Do be careful with 'affordable', 'responsive' and stuff like that. It all has its legitimate applications, but if you don't do it in somewhat right (where somewhat leads to average results), you'll end up sounding plaintive and half-professional, about the sort of thing that a half-professional translation done by a multilingual may look like to you. This is the danger inherent in DIY marketing. If you don't know what exactly to do, you probably want to keep it simple. Either by making it short and concise or by just making it natural.

But when you're making it natural — which is very difficult to be when you're writing, especially in this type of context — you still need to watch it, to keep it professional. This mostly means no threadbare buzzwords like 'responsive' or 'affordable' unless you really mean them, or unless you just need them for a header under which you're telling things how they are (in a reasonably formal register, not too much and not too little).

Finally, don't think that asking very pretty — pretty please — to be hired is going to work. There are clients who like to be asked to allow you to work for them, but I'm not sure you want that type of clients unless they have some good reason to act like that. Personally, I believe that translators need to stop or reduce the 'pick me, pick me!' behaviour because it harms the prestige of the profession.

Not begging for the jobs is not inconsistent with taking proper care of your clients and appreciating them and their business. And clients — reasonable clients, at least — look for different qualities than obedience, pliability, submissiveness and a general willingness to run errands. Translators who enter into that mode and fail to get out of it will forever be treated like everybody's junior assistants. Translators are probably a cross between professional advisors and designers/writers, but in any case this is not a concierge job*.

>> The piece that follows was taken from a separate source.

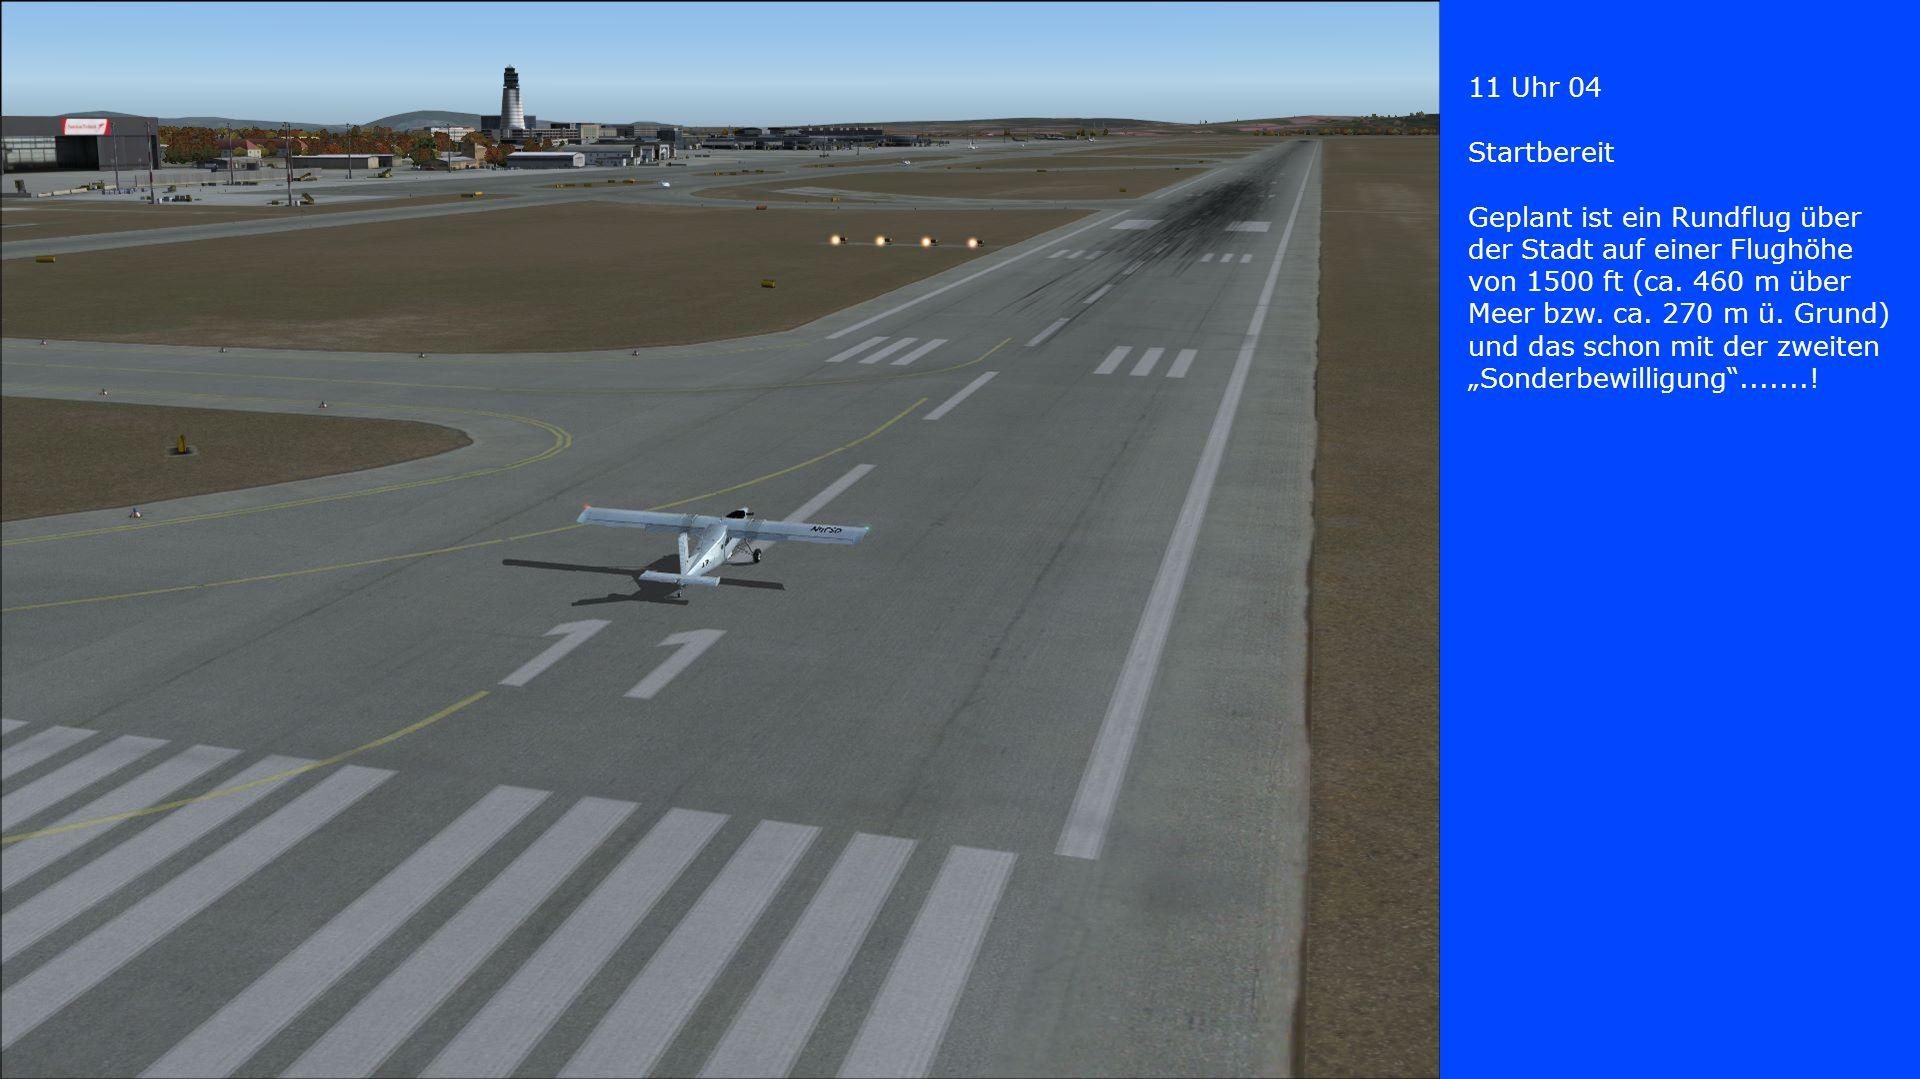 11 Uhr 04 Startbereit Geplant ist ein Rundflug über der Stadt auf einer Flughöhe von 1500 ft (ca. 460 m über Meer bzw. ca. 270 m ü. Grund) und das sch

(* A professional concierge is different from a submissive guy who's eager to run errands for fear of not getting whatever is his proper work, acting like a cheap and expendable non-professional personal assistant. I'm pretty sure professional concierges actually make more than professional translators, on average, and they have a knack for combining self-denial with personal dignity. Something I don't really see in a qualified and credential translator hiring himself out for oddoffice jobs on a very entry level. This is also the message some translators' online presentation sends right away without need to read into actual business correspondence and negotiation.)